There were significant two-way interactions between VOT and carrier stimulus type in the MOD-N condition (p =0.02) and the SS-N condition (p <0.001). This suggests that at a 0-ms CTD, the VOT effect (i.e., fewer “Buy” responses for longer VOTs) was reduced in the MOD-N and SS-N conditions compared with the SENT condition. We further examined the difference between MOD-N and SS-N conditions by releveling the statistical model to utilize the MOD-N condition as the baseline (reference). Results showed that the VOT effect was reduced in the SS-N condition compared with the MOD-N condition (β = 0.045, SE = 0.008, z = 5.519, p <0.001).

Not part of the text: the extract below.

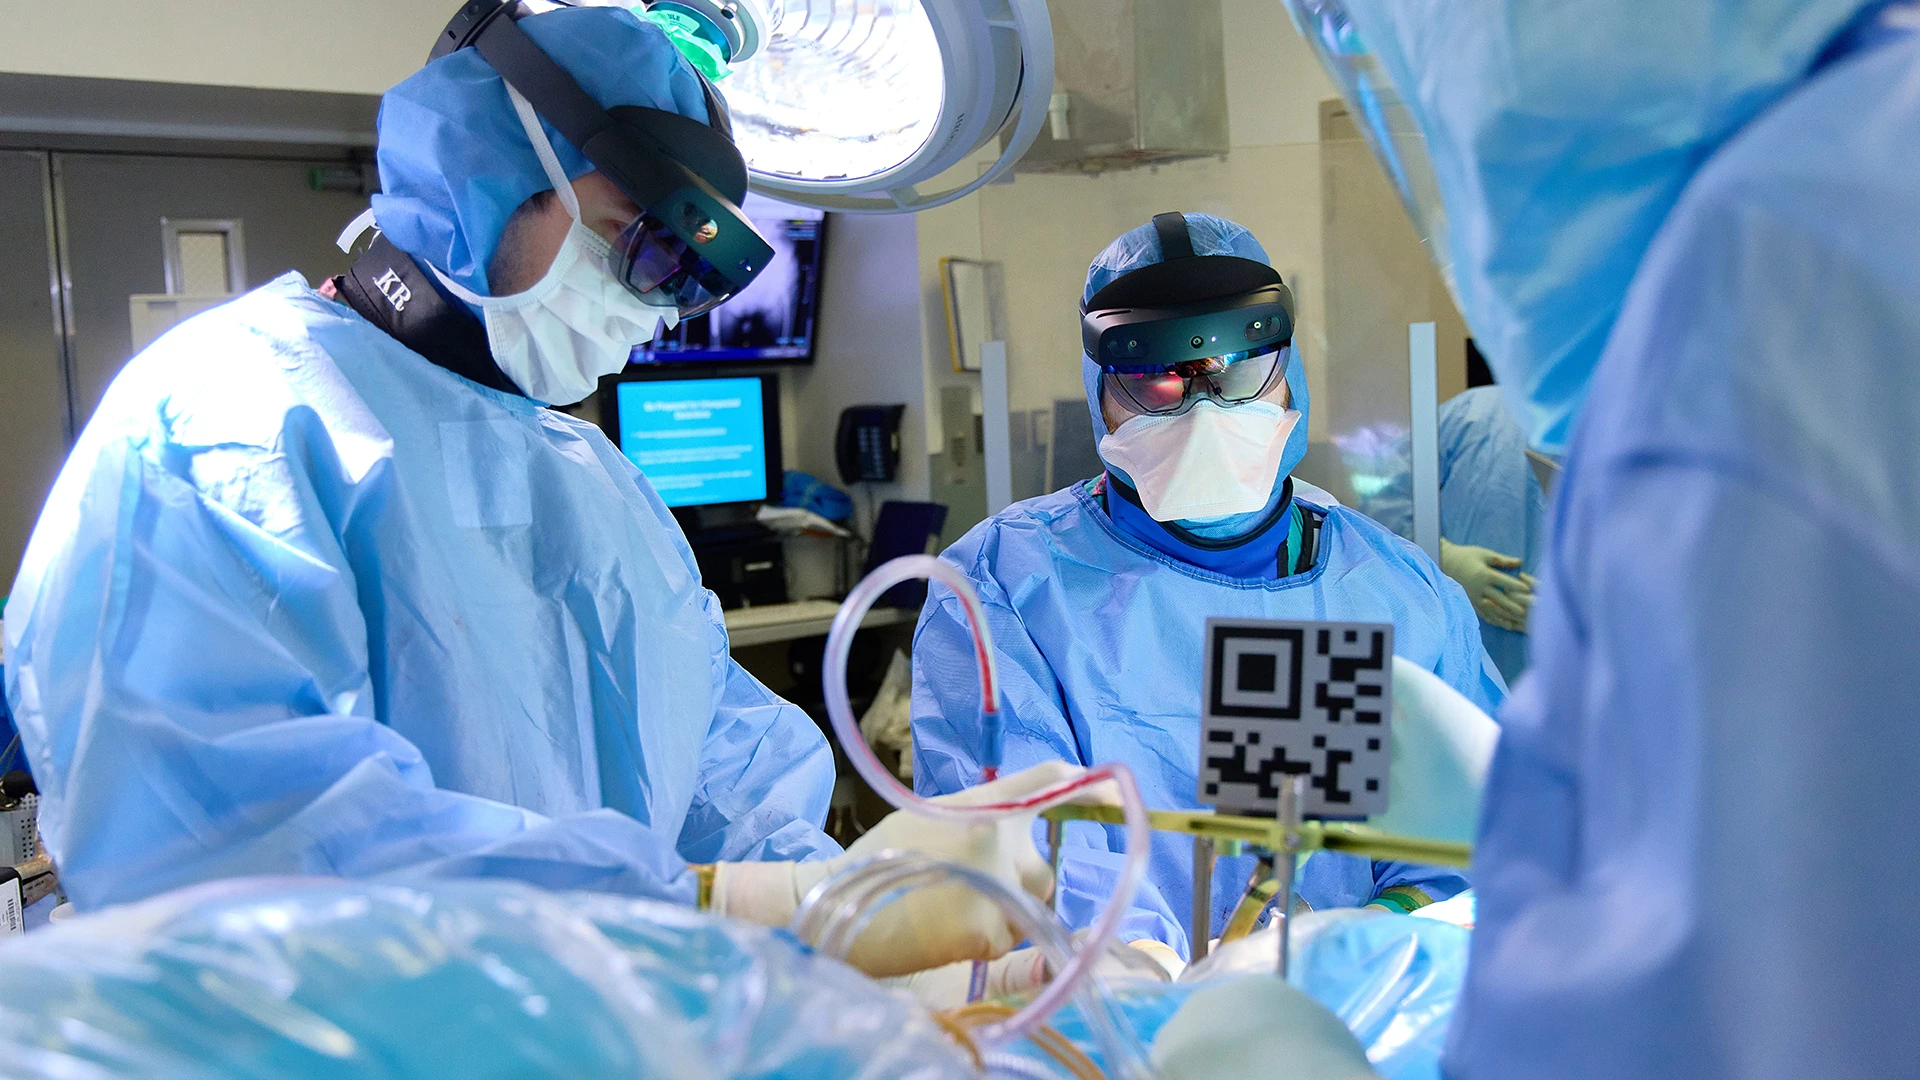 Dr. Hayden and team performing direct anterior total hip replacement with augmented reality glasses.

There were significant two-way interactions between VOT and CTD (all ps<0.001). This suggests that in the SENT condition, the VOT effect (i.e., fewer “Buy” responses for longer VOTs) was increased with the introduction of a CTD of 75 ms and above. We further examined the differences among CTDs by releveling the statistical model to utilize each CTD as the baseline (reference). Results showed that the VOT effect was not significantly different among 75-, 150-, and 300-ms CTD conditions (all ps>0.05).

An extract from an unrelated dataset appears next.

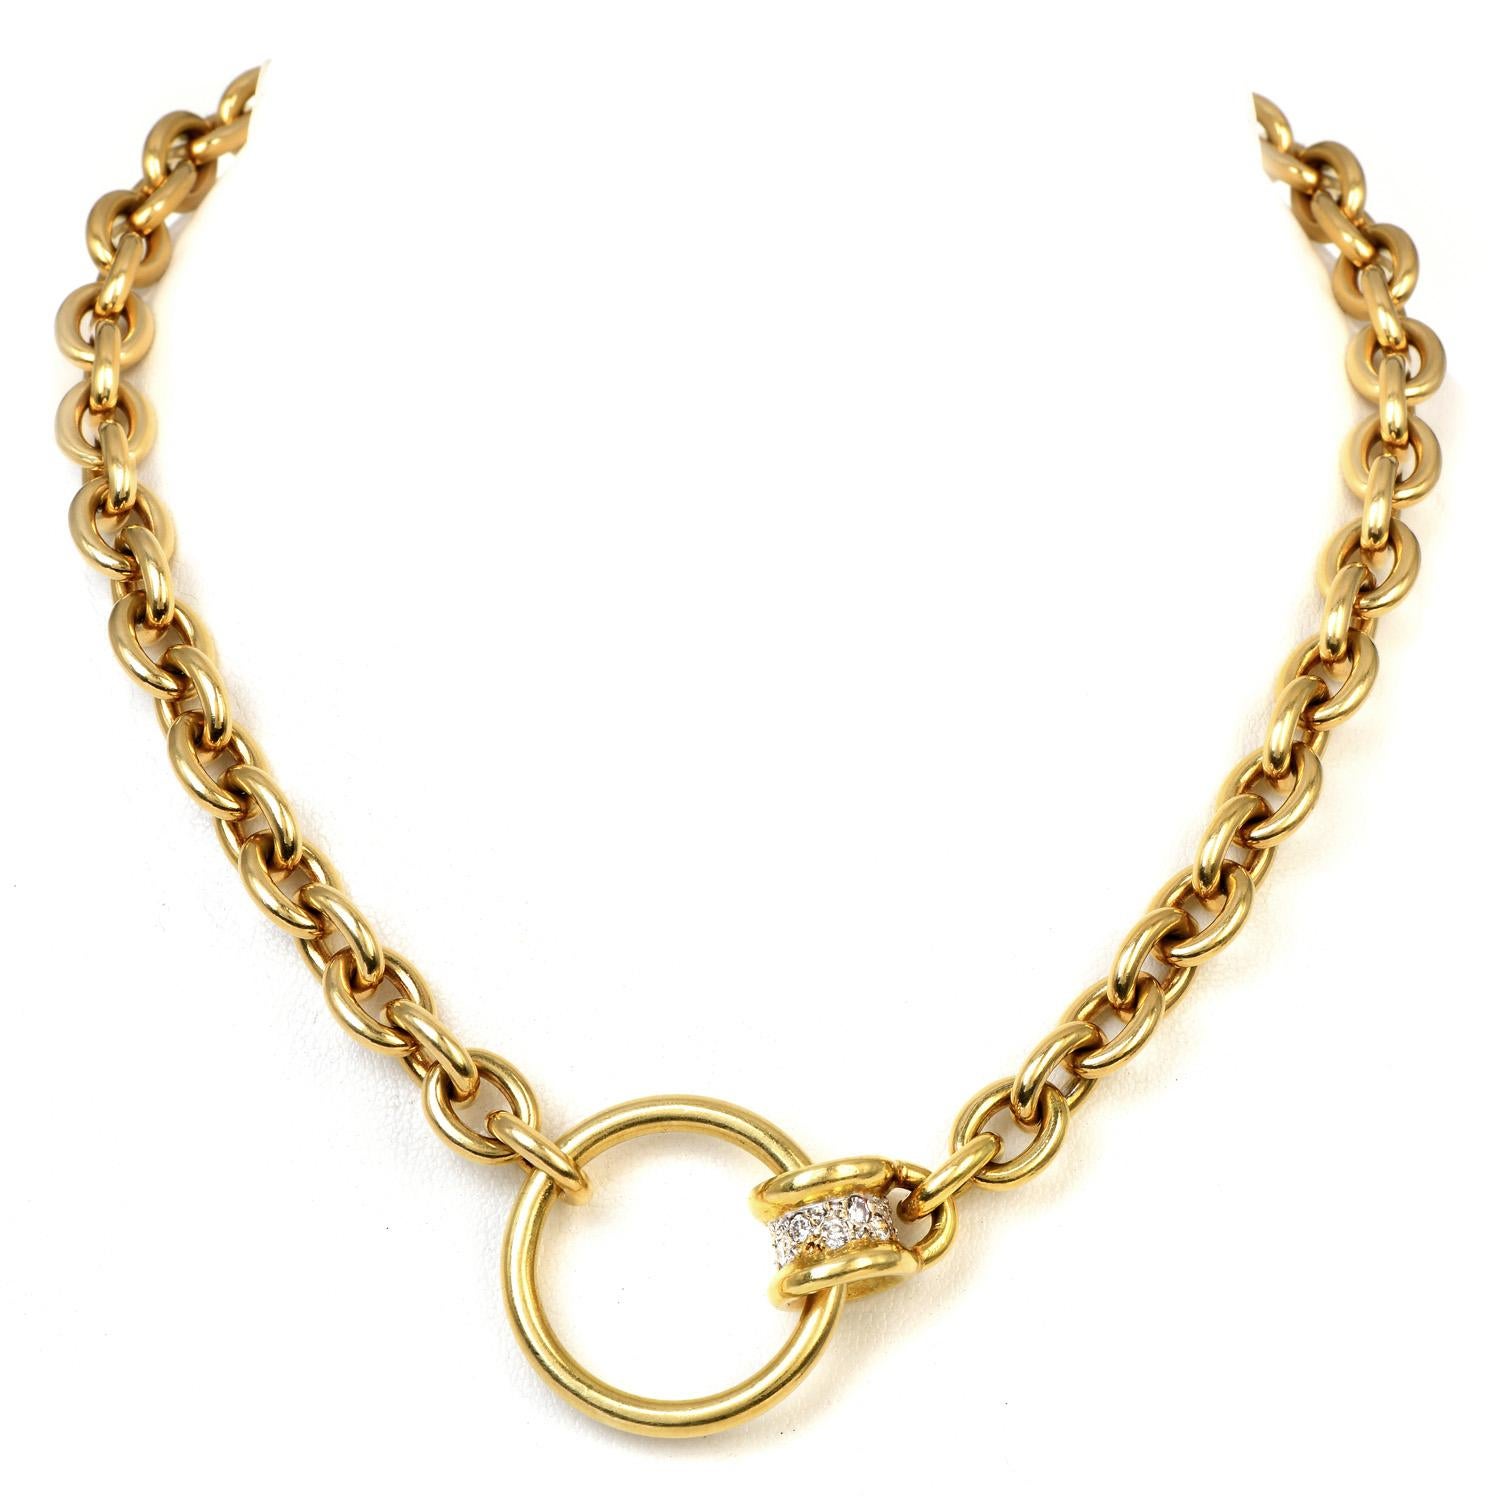 Feel Good with This Italian Heavy Italian diamond Link 18K Gold Choker Chain Necklace. This circa 1980S Italian Heavy oval-link chain necklace is crafted in solid 18 yellow gold. It weighs 99.1 grams and measures 16

There were significant two-way interactions between carrier stimulus type and CTD in the SS-N condition (all ps<0.001). This suggests that at the mean VOT, the probability of “Buy” responses was reduced in the SS-N condition with a CTD of 75 ms or above compared with the reference condition.

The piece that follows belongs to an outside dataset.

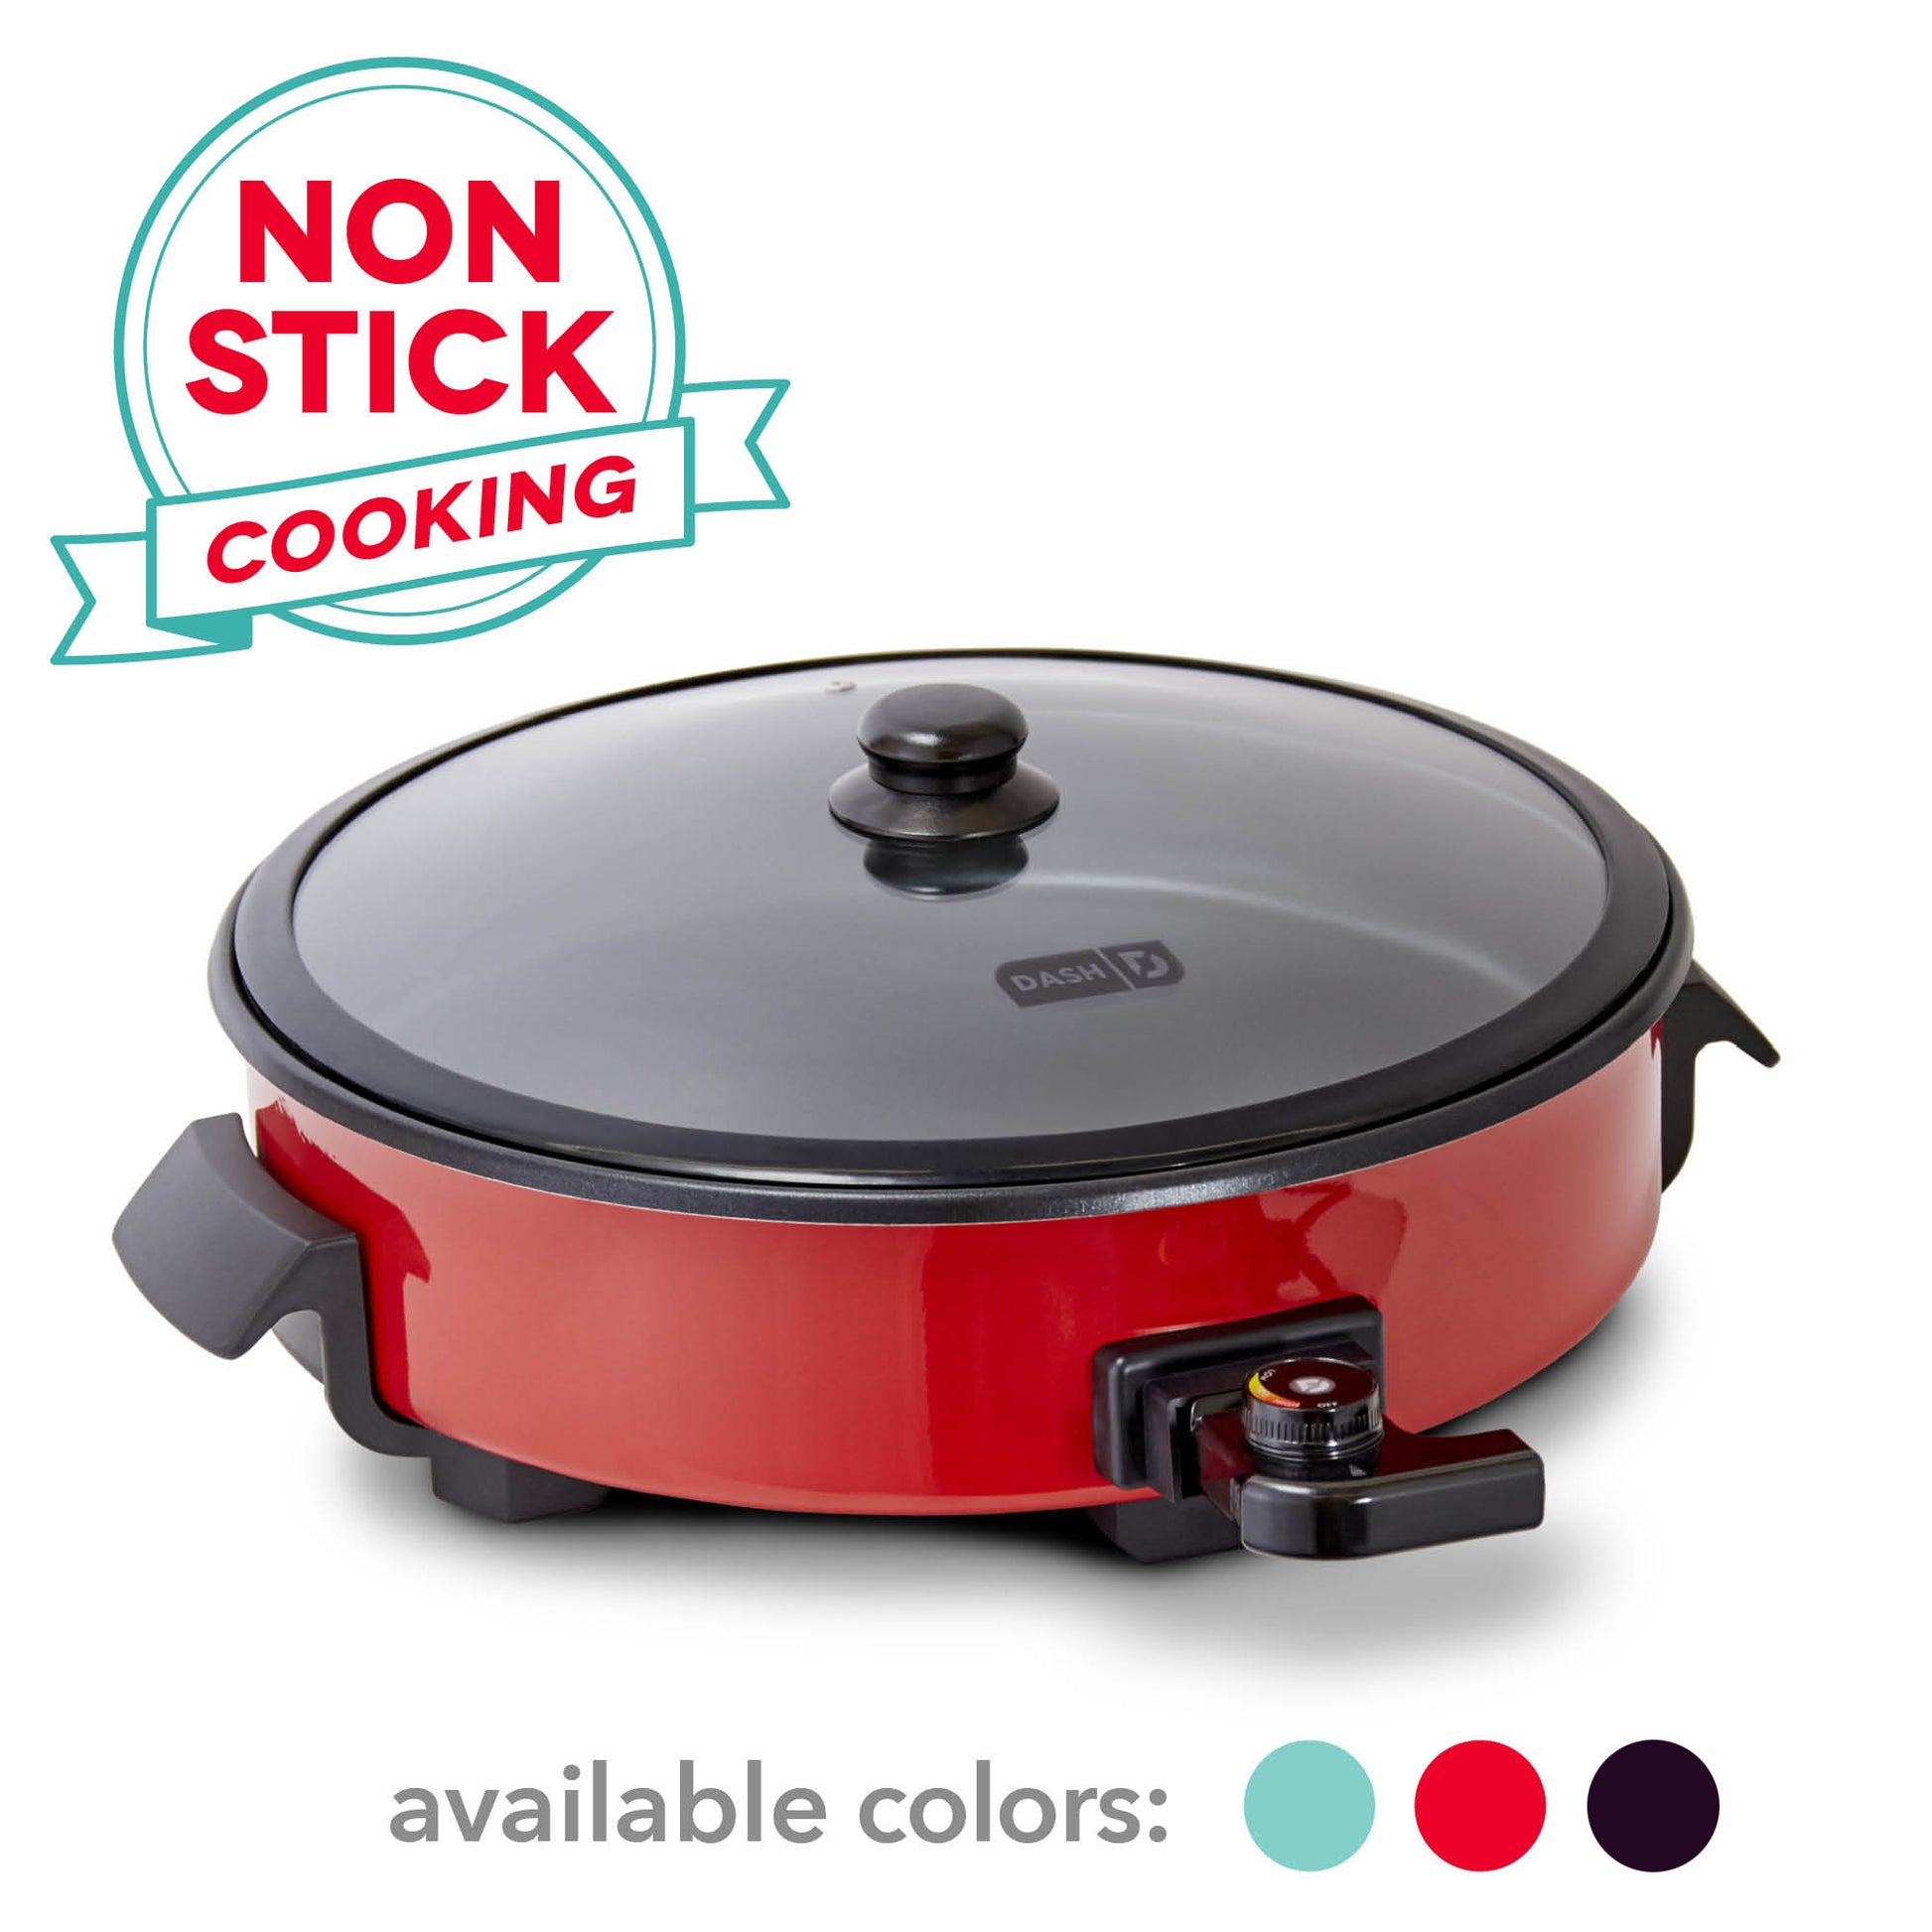 Large Capacity Nonstick Electric Skillet - Serves 4 to 6 People (16 inch)

There were significant three-way interactions among VOT, carrier stimulus type, and CTD in the SS-N condition (all ps<0.05). This suggests that the increase in the VOT effect from the introduction of CTDs (75 ms and above) was larger in the SS-N condition compared with the SENT condition. We further examined the difference between MOD-N and SS-N conditions by releveling the statistical model to utilize the MOD-N condition as the baseline (reference). Results showed that the increase in VOT effect from the introduction of CTDs (75 ms and above) was larger in the SS-N condition compared with the MOD-N condition (βs ranging from –0.054 to –0.032; all ps<0.05).

B. Dish-Ditch contrast

Figure 3(C) displays the percentage of “Dish” responses as a function of silence duration across the ISO-WD conditions and conditions with carrier stimuli at a 0-ms CTD. Descriptively, participants were able to discriminate the words “Dish” and “Ditch.” The presentation of carrier stimuli before these words has negligible influences on the perception of silence duration cue. Figure 3(D) displays the percentage of “Dish” responses as a function of silence duration across the three types of carrier stimuli at different CTDs. Descriptively, the introduction of CTDs seems to have negligible influences on the perception of silence duration cues.

First, we examined the effect of stimulus context on the perception of temporal cues [Fig. 3(C)]. The effect of silence duration was significant (p <0.001), with fewer “Dish” responses for longer silence durations. All other effects were not significant (all ps>0.05).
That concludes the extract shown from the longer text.